Boven de ramen en deuren van de woonhuizen zitten, zoals gewoonlijk, de strekken met aan de zijkanten de aanzetstenen en in het midden de sluitsteen. Die afwerking was typerend voor de wat duurdere huizen uit de late 19e eeuw, maar in eenvoudigere vorm kwamen ze ook in kleine arbeidershuizen voor. Zoals in de Bloemenbuurt. Het waren al lang geen met de hand gehakte brokken natuursteen meer zoals dat in vroeger eeuwen gebeurde, maar in beton gegoten afgietsels van die eeuwenoude voorbeelden. Ze werden altijd in lichte kleuren (crème) geschilderd om mooie decoratieve effecten te krijgen en hun profielen – meestal een rechthoekig vooruitspringend vlak of een rechthoek met een driehoekige rug – verlevendigen de gevel aanzienlijk. Vanaf ongeveer 1900 verdwijnen die stenen boven de ramen en deuren en worden strekken uit baksteen, al of niet in kleur, gemetseld.

Op deze foto uit ca 1900, genomen vanaf de tennisbaan van de DLTC aan de Marketteweg, is de rij 76-104 te zien, met links nog het huis nr. 74, een open stuk waar nu de parkeerplaats
van de Aldi is en rechts nog de vier huizen 106-116, de Bloemstraat en de eerste huizen
van het volgende rijtje 118-120

Behalve in de bovenwoning nr 102 zijn alle middenstijlen uit de glasvensters verdwenen. Daar en in 104 zit nog glas in lood in de bovenlichten. Of die nog origineel zijn is me niet bekend want het wijkt in ontwerp af van het huis ernaast. Ook in de bovenramen van de deuren van 98 en 100 zit namelijk nog glas in lood.

In de loop van die ruim 125 jaar is er wel het nodige veranderd aan het uiterlijk van de benedengevels langs de weg. Het waren oorspronkelijk op twee na allemaal gewone, dubbele woonhuizen. De begane grond is bij al die huizen beduidend kleiner dan de verdieping, die ook nog een zolder heeft. Natuurlijk waren al die huizen, behalve 84 (zie hierna) dubbel bewoond, waarbij het lijkt alsof met name 76-78, 94-96 en 102-104 aanvankelijk vooral voor personeel van de Staatsspoorwegen dat in en om het station werkte was bedoeld. Er woonden onder andere klerken, ambtenaren/commiesen, portiers, een smid, telegrafisten, een ‘aantekenaar-weger’, een ladingmeester en misschien nog een technisch tekenaar. Dat duurde tot ongeveer 1909, toen op al die adressen ‘gewone’ beroepen een plek vonden. Vooral veel winkelbedienden, een politieagent/inspecteur, kantoorpersoneel, een coupeur, en steeds meer winkeliers die elders hun winkel of bedrijf hadden, zoals A.J. (1901-1906) en S.A. Rutte (1916-1919), de likeurstokers.

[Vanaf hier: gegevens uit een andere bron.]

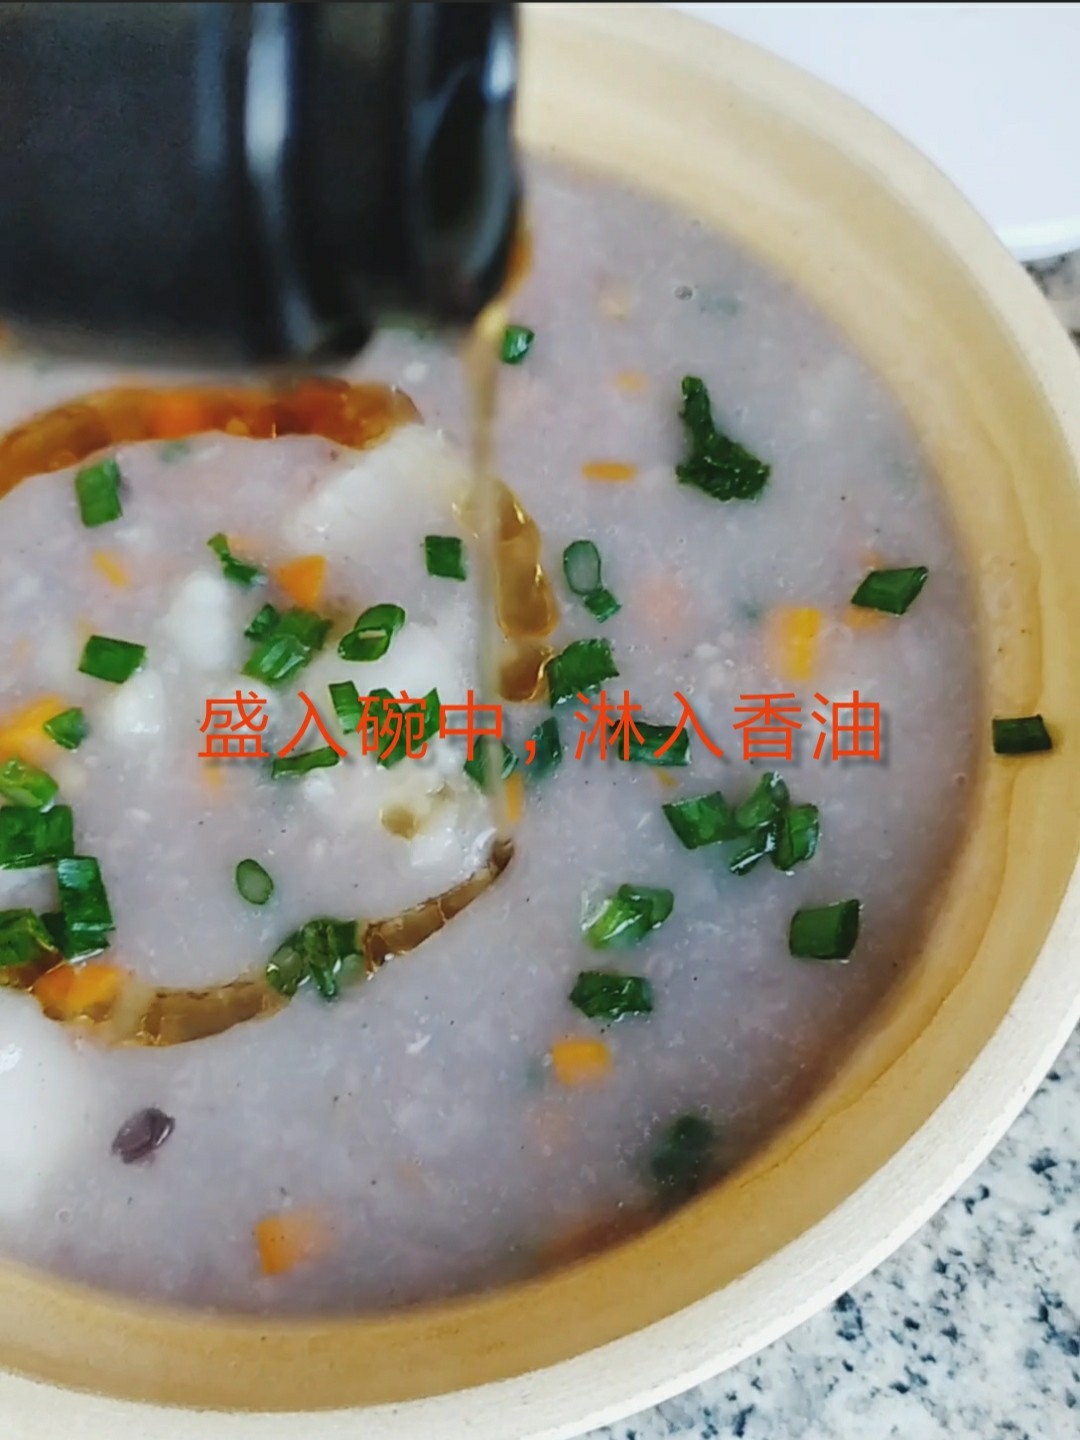 Nourishing and Warming Stomach Porridge: Raw Fish Slices and Five Grain Porridge recipe

De oude en nieuwe, sinds 1955, nummering aan de weg

Op nr 80-82 woonden aanvankelijk onderwijzersfamilies. Al vanaf 1899 is de familie Meerkerk aan te wijzen op de begane grond. In 1908 verhuisden ze naar boven en kwam in hun plaats beneden de socialistische onderwijzer Jan van Zadelhoff wonen. Hij was politiek zeer actief en bouwde een geduchte linkse reputatie op. Niet voor niets werd hij op den duur voor de SDAP (voorganger van de PvdA) gekozen in de provinciale staten en ook in de tweede kamer. Nadat hij in 1916 met zijn vrouw naar een wat duurder huis in de Frederikstraat verhuisde en in datzelfde jaar de oude Piet Meerkerk sr. was overleden, betrokken diens dochter en zoon de beide etages van het huis. De dochter bleef tot in 1930 beneden wonen, waarna kapper Martens die etage in zijn zaak veranderde (zie een volgend blog).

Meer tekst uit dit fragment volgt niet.